The sext_inreg can often be folded into an earlier instruction by
using a W instruction. The sext_inreg also works better with our ABI.

This is one of the steps to improving the generated code for this https://godbolt.org/z/hssn6sPco

Diff Detail

Event Timeline

craig.topper created this revision.Jun 29 2022, 11:29 AM
Herald added a project: Restricted Project. · View Herald TranscriptJun 29 2022, 11:29 AM
craig.topper requested review of this revision.Jun 29 2022, 11:29 AM
Herald added a project: Restricted Project. · View Herald TranscriptJun 29 2022, 11:29 AM
asb added a comment.EditedJun 29 2022, 11:36 AM

I think you need to push the commit with rv64i-shift-sext.ll?

Given this only deals with generic nodes, would this make sense to be a TLI-guided generic combine? (And maybe other targets could benefit from it, too, or already do this in target combines?)

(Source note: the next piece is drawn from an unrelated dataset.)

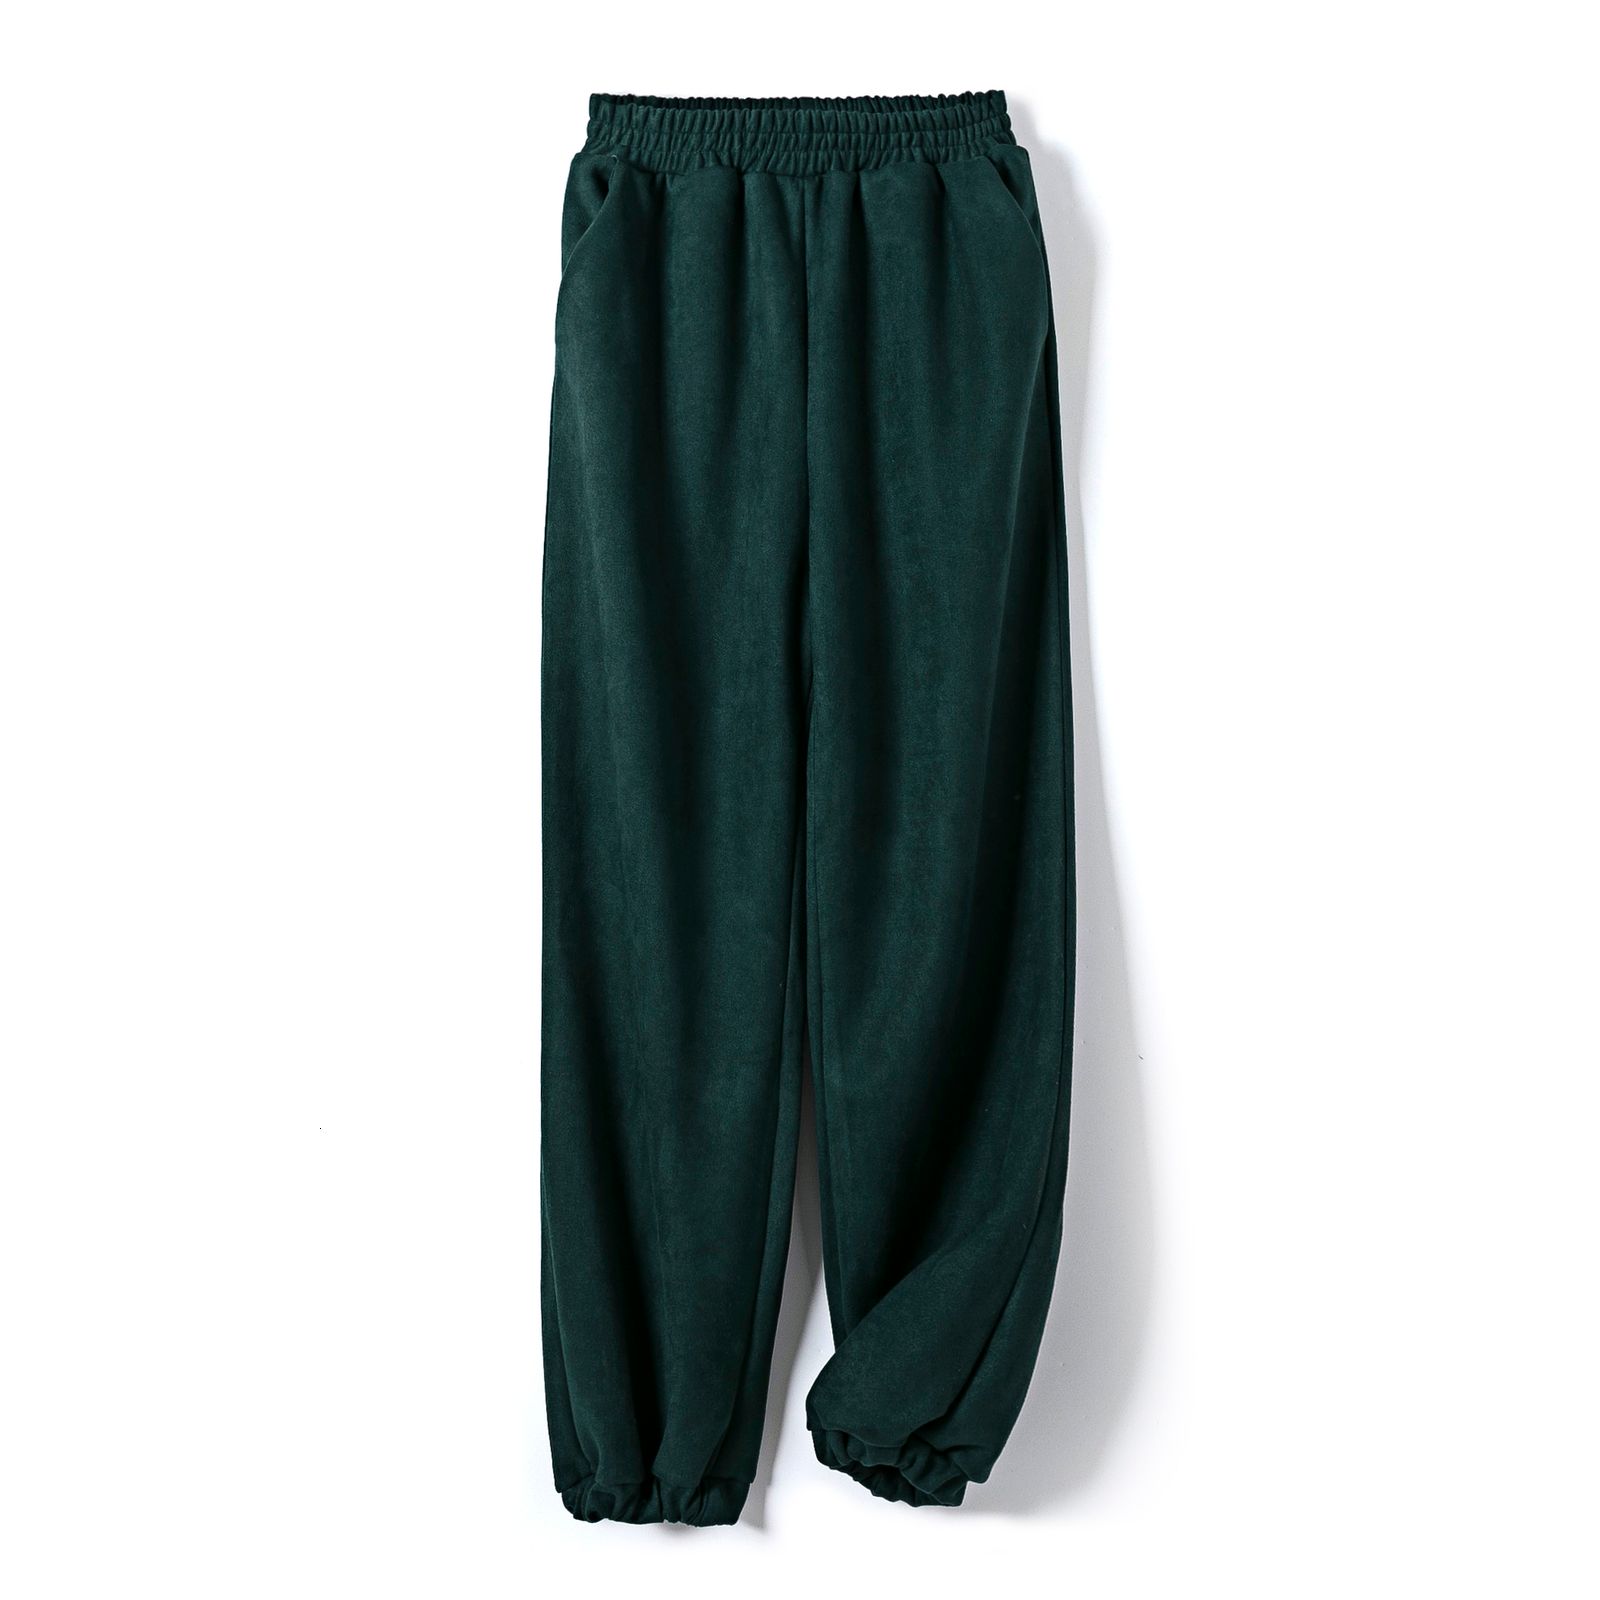 zwartachtige groene broek
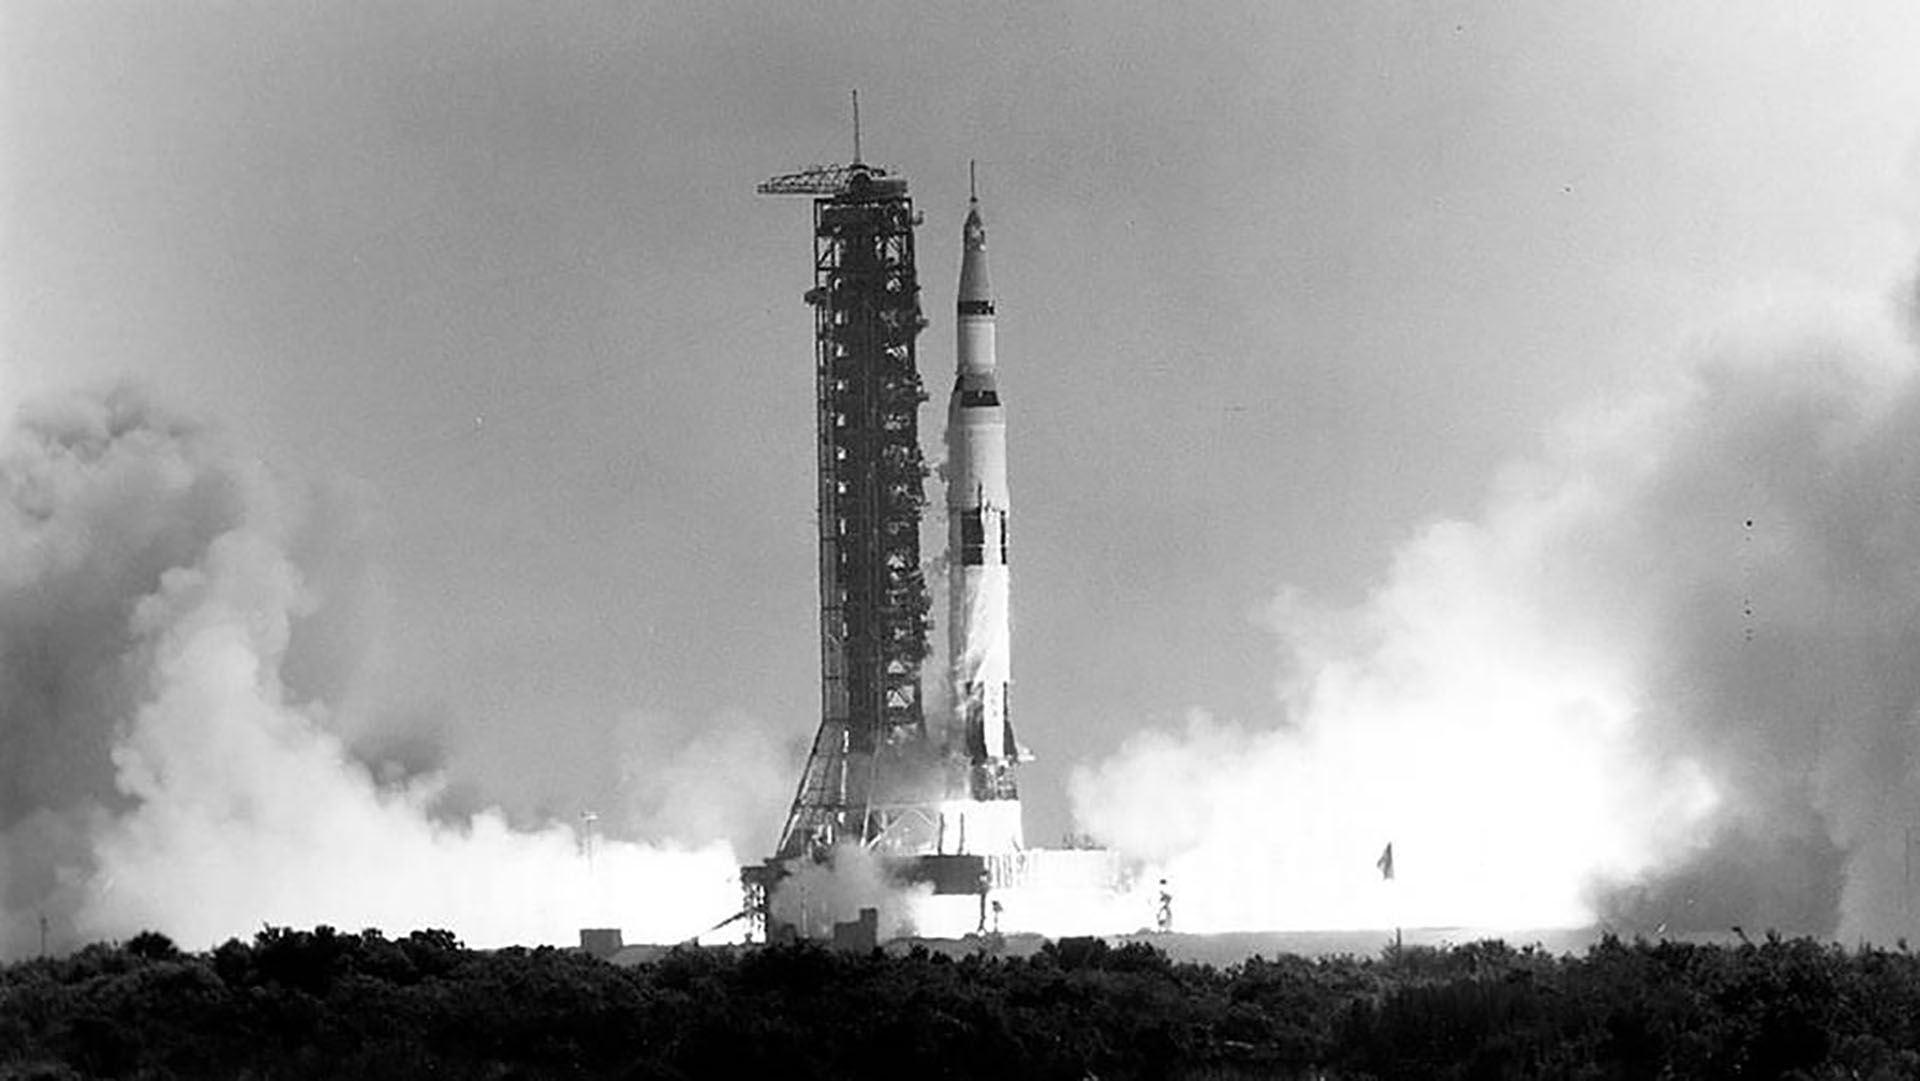 Armstrong y Aldrin se convirtieron en los primeros humanos en pisar la Luna, mientras que Michael Collins permaneció a bordo del módulo de mando en órbita lunar. (Foto por HO / NASA / AFP)

Given this only deals with generic nodes, would this make sense to be a TLI-guided generic combine? (And maybe other targets could benefit from it, too, or already do this in target combines?)

Looks like X86 has something similar in combineShiftRightArithmetic, but they handle a more generic form.

// fold (ashr (shl, a, [56,48,32,24,16]), SarConst)                            
// into (shl, (sext (a), [56,48,32,24,16] - SarConst)) or                      
// into (lshr, (sext (a), SarConst - [56,48,32,24,16]))                        
// depending on sign of (SarConst - [56,48,32,24,16])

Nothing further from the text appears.